Peter September 28, 2012 um 9:45 pm

Publishers ' (and authors') opinion of readers' collective intelligence can plainly be seen in the crap they shovel at us in their press releases, apparently in the belief that we’ll actually buy their nonsense.

(Oh, and Baen actually does quite a bit of bundling with their monthly Webscriptions, which are generally 4-6 books at a slightly discounted price over buying them individually.)

Chris Meadows September 28, 2012 um 9:59 pm

I was referring specifically to print/digital bundling, selling the e-book version packaged along with the print version. But that’s a good point.

Tim Gray September 29, 2012 um 3:40 am

Online sellers of roleplaying games have been doing this for years (with PDFs). As a sector full of imaginative people who like tech, it’s generally well ahead in digital marketing.

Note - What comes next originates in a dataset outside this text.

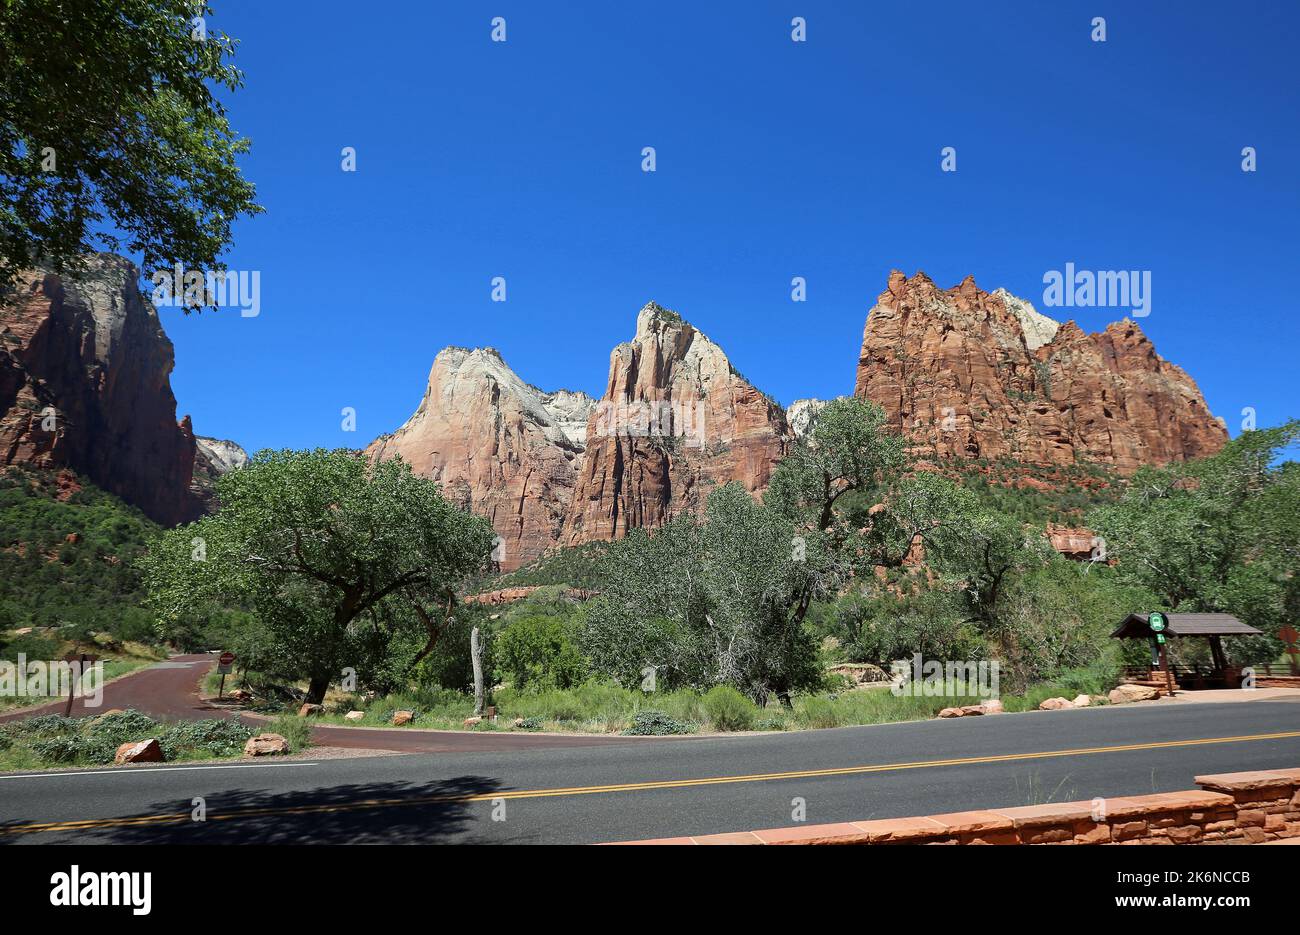 The trail to the Court of the Patriarchs - Zion National Park, Utah Stock Photo

Richard Herley September 29, 2012 um 3:00 am

"Publishers ‘ (and authors’) opinion …"

Not this author, Peter, and I don’t issue press releases! 🙂

One of the reasons I went independent was to get away from the arrogance and ineptitude: it affects authors even more than the readers.


Richard Adin September 29, 2012 um 4:21 am

Alas, although I could care less what publishers or authors think of me as a consumer (I do care a great deal what they think of me as an editor!), I do think there is some validity to the worry about consumer price expectations. Begin with Amazon’s discounting of new bestsellers to $9.99 — it wasn’t long before the blogosphere pronounced that price point as the expected price point. In fact, the loss of that price point under agency was the loudest rallying cry against agency. No one talked about the quality of the content; the talk was all about pricing.

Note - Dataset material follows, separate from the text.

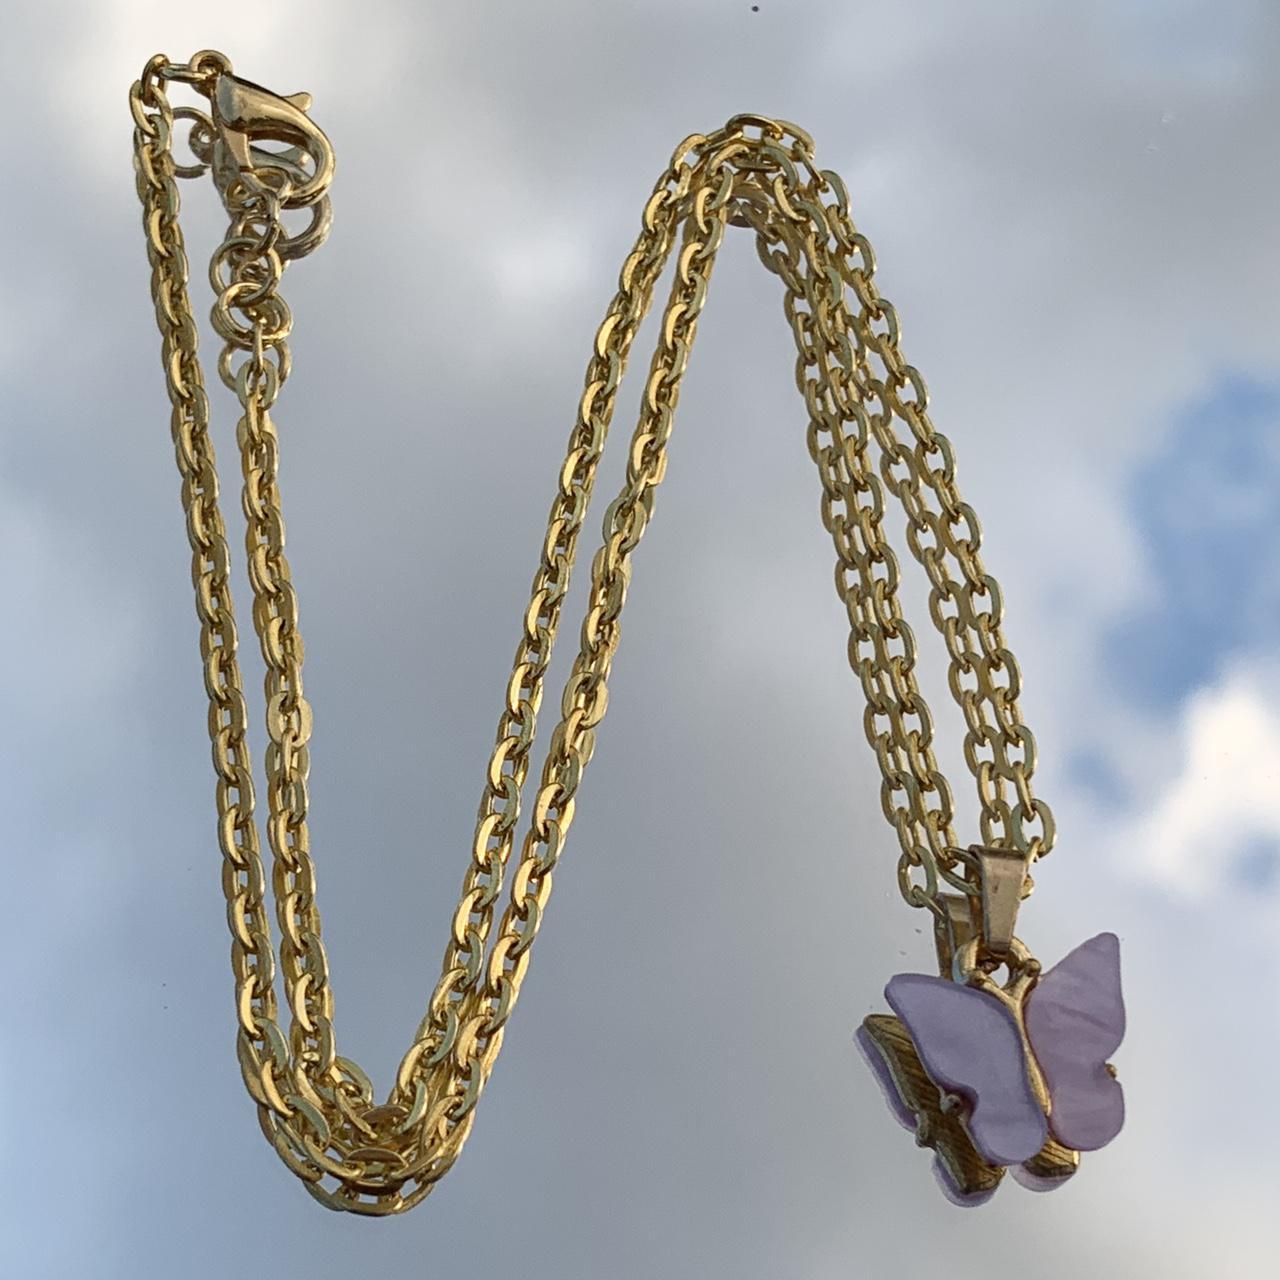 Product Image 2 - purple butterfly necklace

• the necklace

My own experience in book buying also is supportive of validity of the worry. I do not imagine that I am the only reader who has gone from buying a number of books each year to buying nearly nil. Between the giveaways (i.e., freebies) and the $2.99 (and less) publisher special deals, I have amassed a TBR of more than 1500 ebooks — enough to keep me in reading for at least the next 10 years. Consequently, although I am interested in the J.K. Rowling book, Casual Vacancy, I won’t buy it. I will wait until it is available from the author or the publisher for $2.99 or less. If it never reaches that price point, I’ll never buy the book.

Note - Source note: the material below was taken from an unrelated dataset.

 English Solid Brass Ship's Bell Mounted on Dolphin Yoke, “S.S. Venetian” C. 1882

When I speak to friends with ereaders, especially those with Kindles, I hear my story repeated. One friend told me that she has so many free ebooks from Amazon that she has enough ebooks available to read through a reincarnated life without the purchase of any additional titles.

Based on what has been happening in the ebook industry as regards pricing, I and my friends expect ebooks to be sold for minimal prices. This has to be a worrisome trend for all publishers and ebooksellers.

fjtorres September 29, 2012 um 7:23 am

Perhaps if the Big Publishers were a bit less concerned about maintaining the price of the ebooks and a bit more about promoting/improving the *value* of their ebooks they’d be better positioned to justify their price points.
Because people *are* willing to pay more than $2.99 for ebooks. The $9.99 price point alone proves it. $6 for a good, traditionally-published SF or Fantasy ebook isn’t decried. Even $15 for some (early-access) editions is accepted as a reasonable proposition.
Lost in the whole "Amazon is devaluing books" outcry is that Amazon didn’t pick that price at random out of a hat; they picked it as a reasonable *promotional* price for ebooks that normally sold at $12.99 or higher.
The hue-and-cry over Agency pricing wasn’t about the loss of the $9.99 promotional price (which a lot of people still found too high to bear) but rather the loss of price competition (coupons, bundles, loyalty programs, etc) that Agency brought about, all of which were exemplified by the loss of the promotional benchmark. And then, to literally add insult to injury, the baseline price was *raised* and several publishers crowed about how much better it was now that they could raise the prices as high as they wished with nobody to nay-say them. (Penguin, in particular was quick to start playing with prices to see how high they could drive them.)
Amazon’s discounting of the so-called bestsellers was never the issue and the BPH’s focus on that shows exactly how disconnected from reality they are.
The real threat to BPH book pricing isn’t promotional discounts, it is new and small publishers doing ebook-first, ebook+POD, or even ebook only, and self-publishing of backlists by established writers. If mainstream buyers–the people to whom $9.99 represents an attractive promotional price–ever stop seeing $9.99 as a bargain, it won’t be because of the flood of indie-published ebooks but rather because of the example set by the resurrected backlist of titles from one-time bestsellers and other recognizable traditionally-published authors.
There is a big difference between price and value in consumer’s minds and the big publishers' *public* obsession with price is what is driving so many readers to focus on value and question the industry’s practices.


Puzzled September 30, 2012 um 4:54 am

I can just see the big publishers spending millions on websites to sell their books, over pricing the books, and then wondering why no one is buying books from them.

Having access to the customer data is useless if you have no customers. It is also useless if your customer base is skewed (if only price-insensitive people buy from you, you will think all people are price-insensitive).